For daily posts on analysis, follow @AnalysisFact on Twitter.

Actually, (A+B)

^{2}= A^{2}+ AB + BA + B^{2}whether or not A commutes with B, although if they don’t commute this won’t equal A^{2 }+ 2AB + B^{2}. The issue here is one ofstartingwith (A+B)^{n}, for all n, and being unable to group terms. Instead of getting a term for each combination of A and B, you get a term for eachpermutationand there’s just nothing sensible to be done with them that will bear any resemblance to the familiar world of commutative algebra.Another application is in recommender systems. Cosine distance is one of the ways to compare my library to yours.

human mathematics: because inverse cosine is the angle between two unit vectors. See covariance and cosines.

Is the power series the best way to calculate cos(A) or are there other ways? In that case, which are they?

Is the power series the best way to calculate cos(A) or are there other ways? In that case, which are they? Jordanization?

Jordan canonical form is useful in exact hand calculations with small or special matrices. It’s unsuitable for numerical calculation because it is discontinuous: the tiniest change to a matrix can change a 0 to a 1 in the JCF.

I imagine power series could be practical, though not always a power series centered at 0. You probably want to start with a nearby matrix that is easy to exponentiate.

Finding the cosine of A is equivalent to solving a system of differential equations. It may be better numerically to solve the differential equations directly.

This is similar to finding exp(tA) where A is a matrix using the power series. Someone has successfully used the Cayley-Hamilton theorem to bypass diagonalization or some Jordan Canonical (so finding eigen-vectors can be avoided too) form to find the Exp / sine / cosine. The way to do it is to break the matrix into its Spectral Decomposition into N_i, P_i where P’s are projection matrices (so finding exp / cos/sin is easy) and N’s are nilpotent (so finding exp / cos /sin is really just a finite sum).

Why would we have defined the cosine of a matrix in this way in the first place? First of all, it only applies to square matrices; secondly, its a rather complicated approach to answering the question.

Why couldnt we have defined the cosine of a matrix as the matrix of the cosines of its components?

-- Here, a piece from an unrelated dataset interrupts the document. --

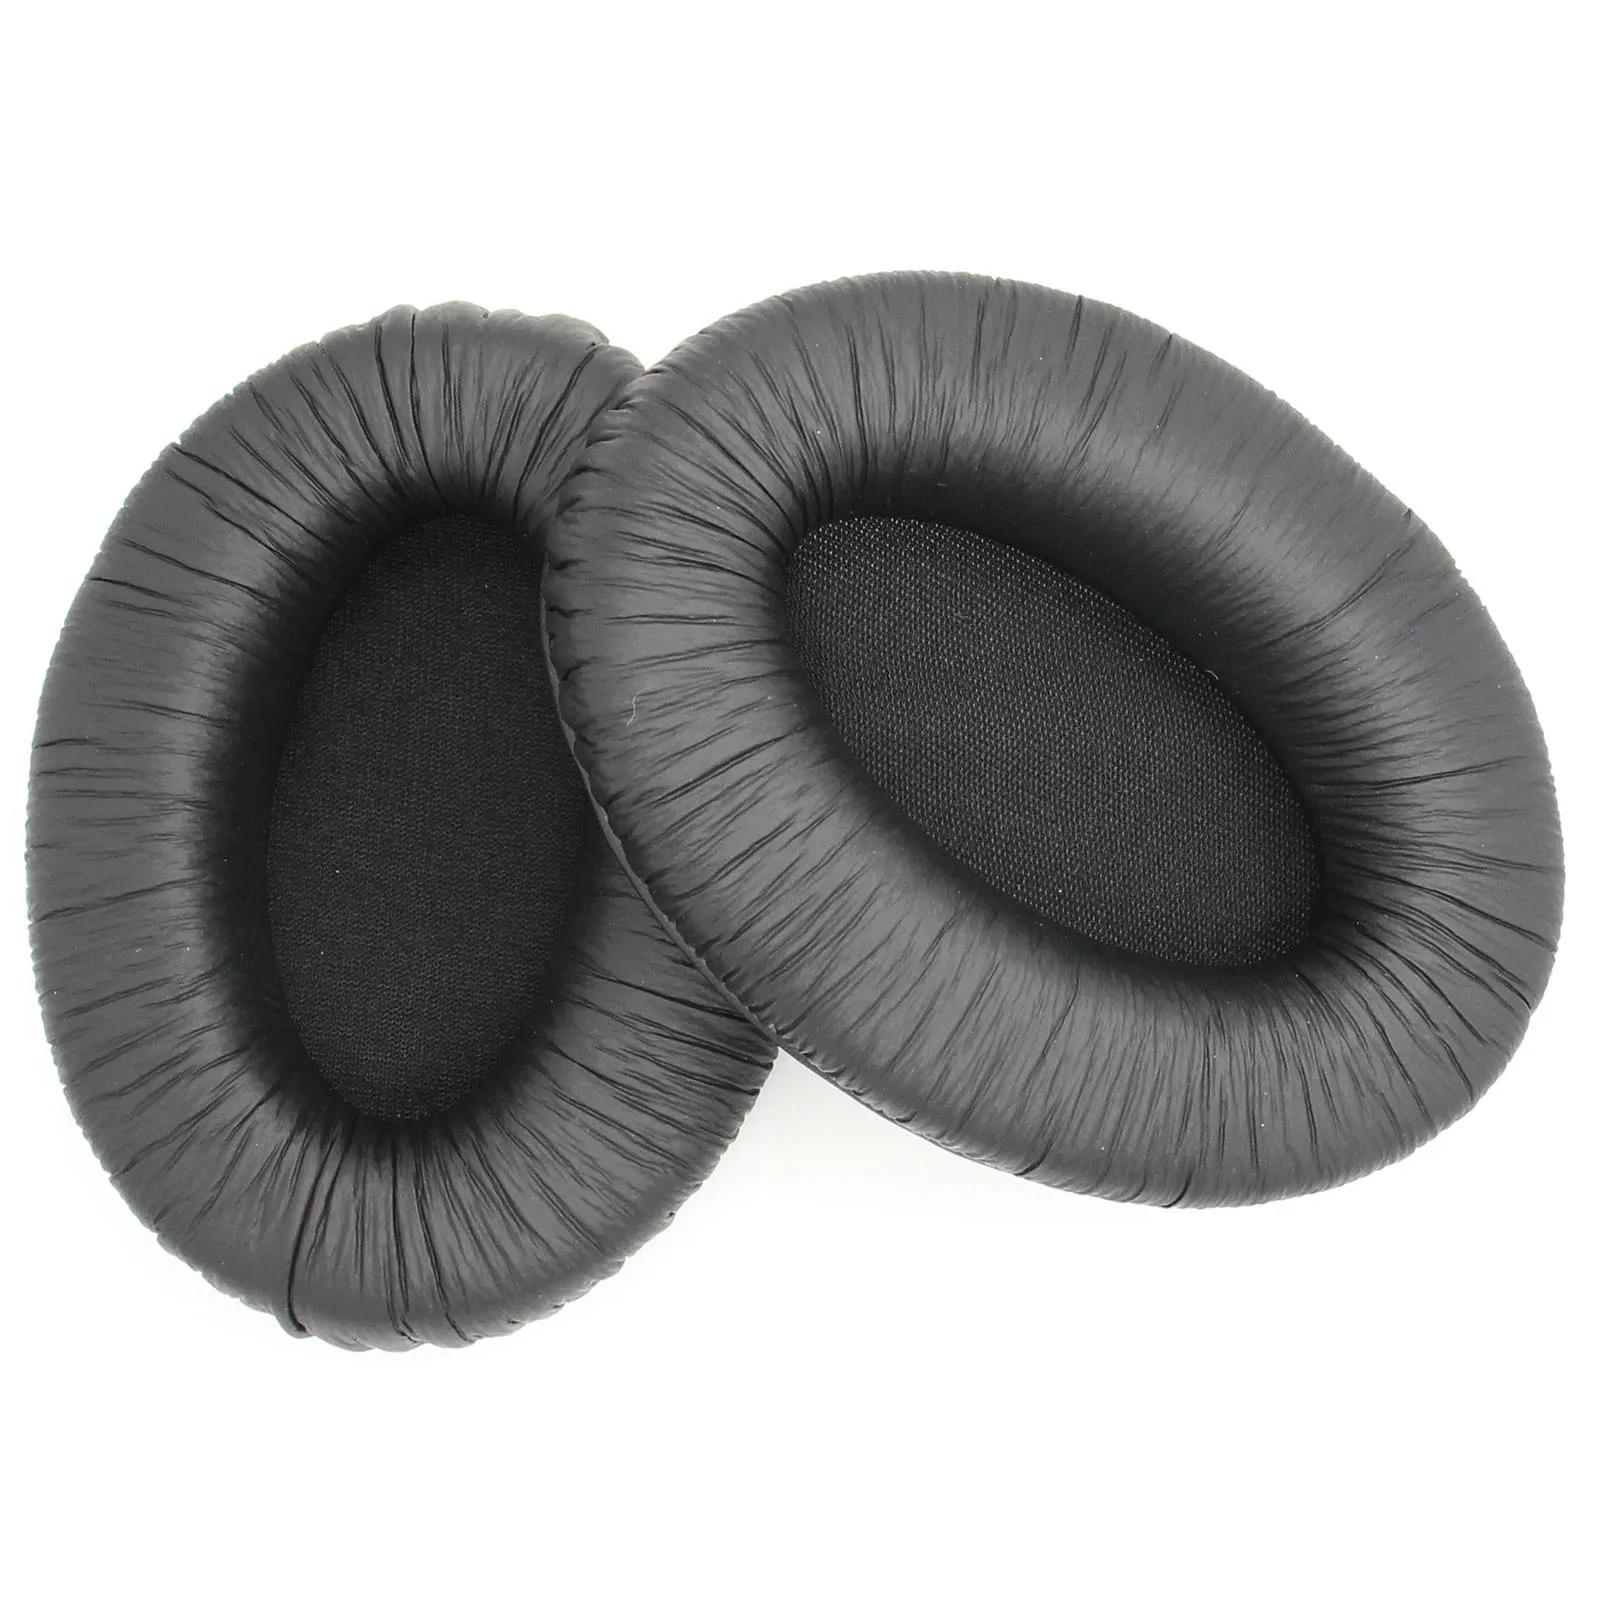 Replacement Earpads Cushion Cover for Sennheiser HD280 HD 280 Pro Headphones

Not only is this much simpler but it applies to all size and shapes of matrices.

You could define it that way, but it would be less useful. It would no longer be the solution to the differential equation at the end of the post.

Power series of operators are interesting.

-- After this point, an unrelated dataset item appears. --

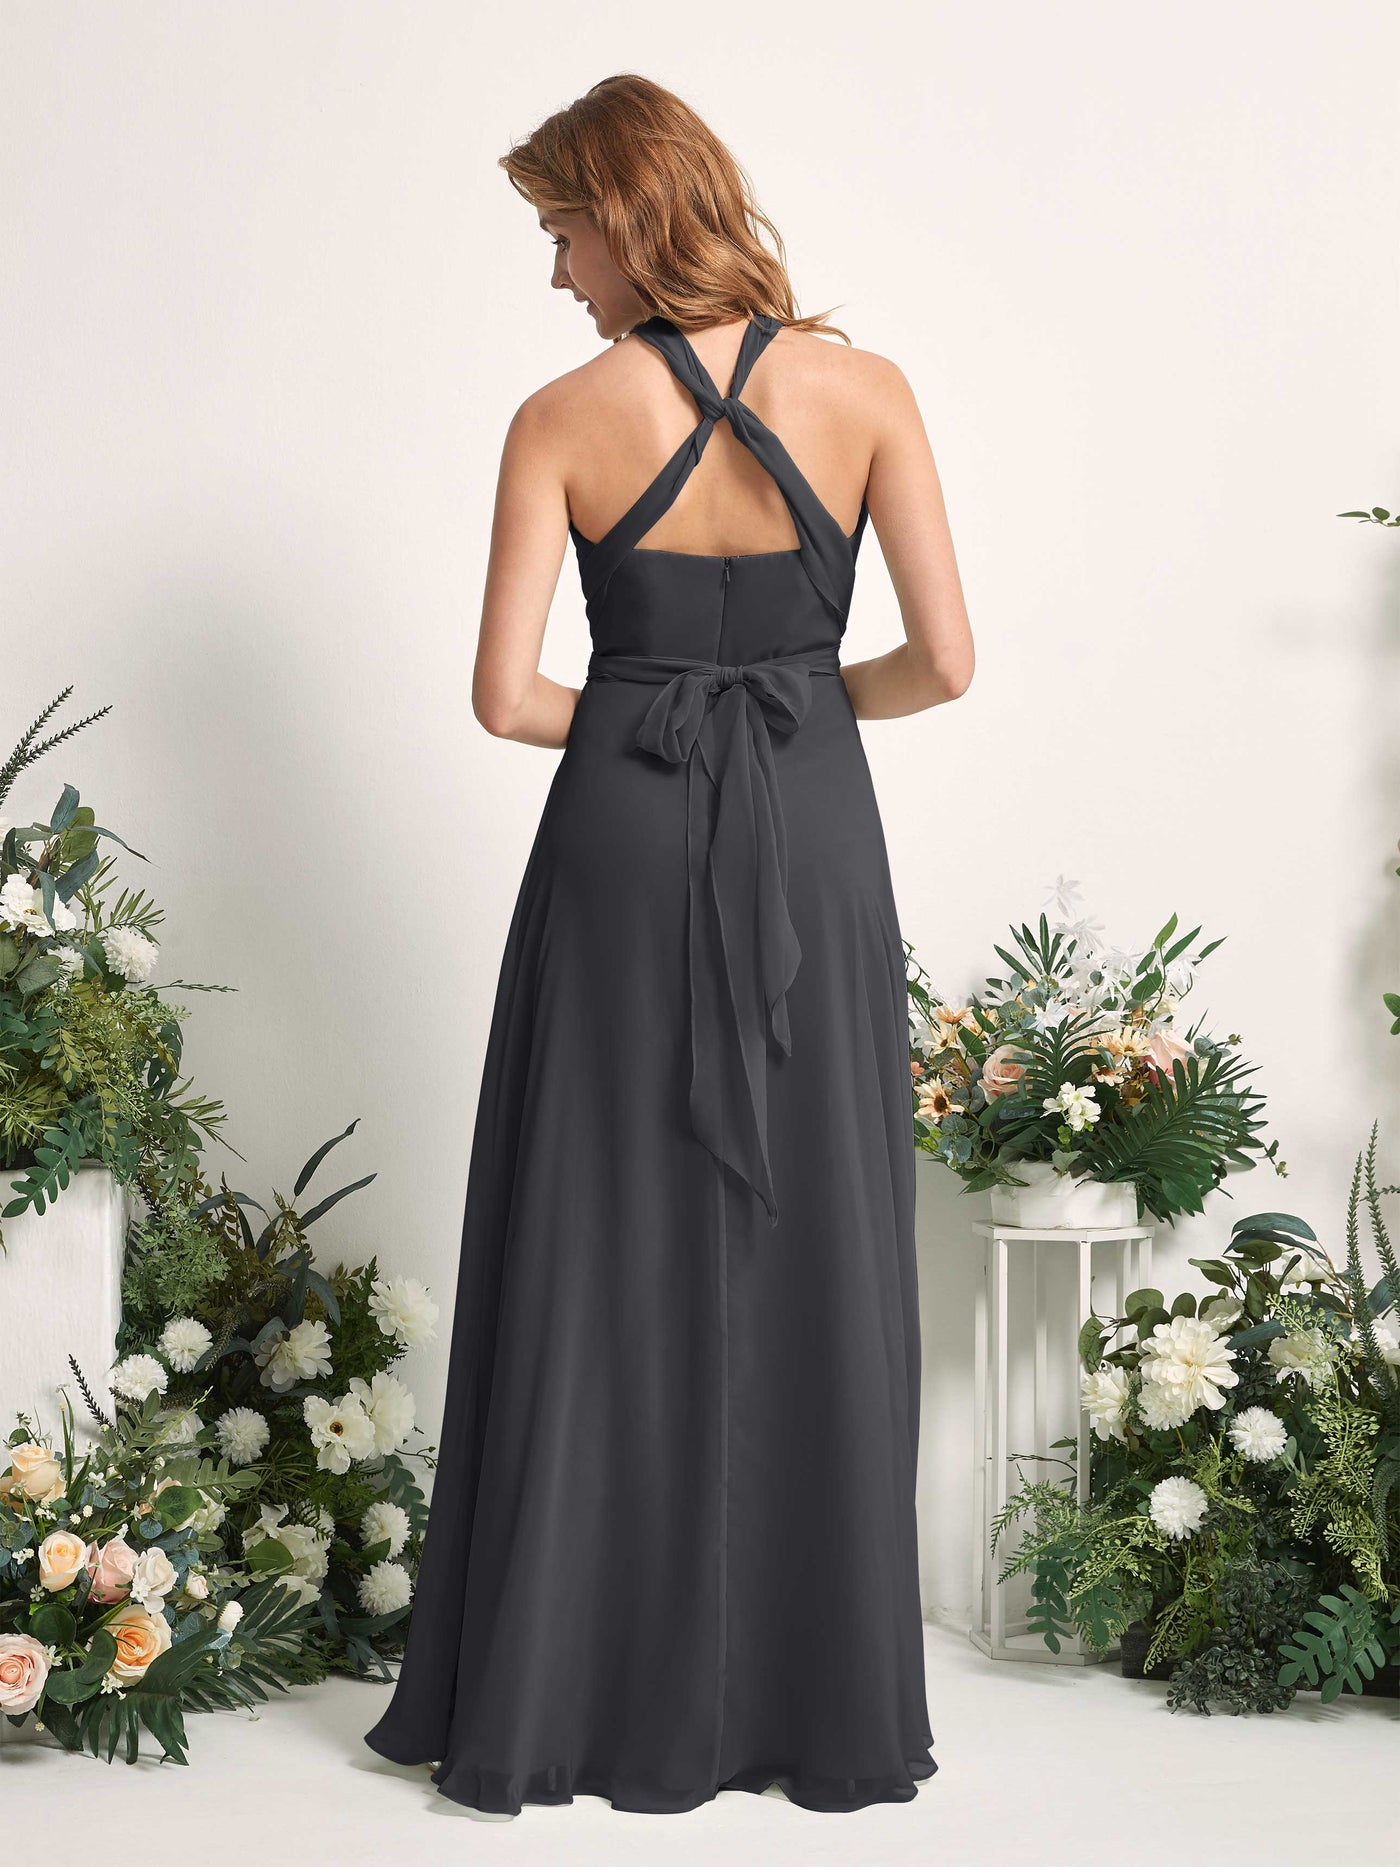 Bridesmaid Dress A-line Chiffon Halter Full Length Short Sleeves Wedding Party Dress - Pewter (81226338)#color_pewter

Letting D be the derivative operator, i.e. Df = f’, we can see that the Maclaurin series of a function is

f(x) = f(0) + x f'(0) + (1/2) x^2 f”(0) + …

= ( (1 + x D + (1/2) x^2 D^2 + …) f ) (0)

= { since x is just a number here, not an operator }

= ( (1 + x D + (1/2) (x D)^2 + …) f ) (0)

= ( e^(x D) f ) (0).

This is closely related to the e^(-i p x) from quantum mechanics.

I never heard before about Cos(A), with A as a matrix. However, I learned as a student (long ago, then …) the definition of Exp(A) , defined with the the same series “trick”. Such Matrices exponentials are used in some reliability calculations, I have heard.

Here’s the cosine of that matrix

>>> cos(Matrix([[1, 2], [3, 4]])).rewrite(exp).rewrite(cos).simplify()

Matrix([

[sqrt(33)*sin(5/2)*sin(sqrt(33)/2)/11 + cos(5/2)*cos(sqrt(33)/2), -4*sqrt(33)*sin(5/2)*sin(sqrt(33)/2)/33],

[ -2*sqrt(33)*sin(5/2)*sin(sqrt(33)/2)/11, -sqrt(33)*sin(5/2)*sin(sqrt(33)/2)/11 + cos(5/2)*cos(sqrt(33)/2)]])

>>> _.evalf()

Matrix([

[ 0.855423165077998, -0.110876381010749],

[-0.166314571516123, 0.689108593561875]])

@Per Persson: unfortunately what you write isn’t correct, e.g., x²D² is different from (xD)² = xDxD = xxD + xxDD (the D also “hits” the x). Check by applying your operator to f(x)=x : x²D²f(x) = 0, (xD)²f(x) = xDxDx = xDx = x.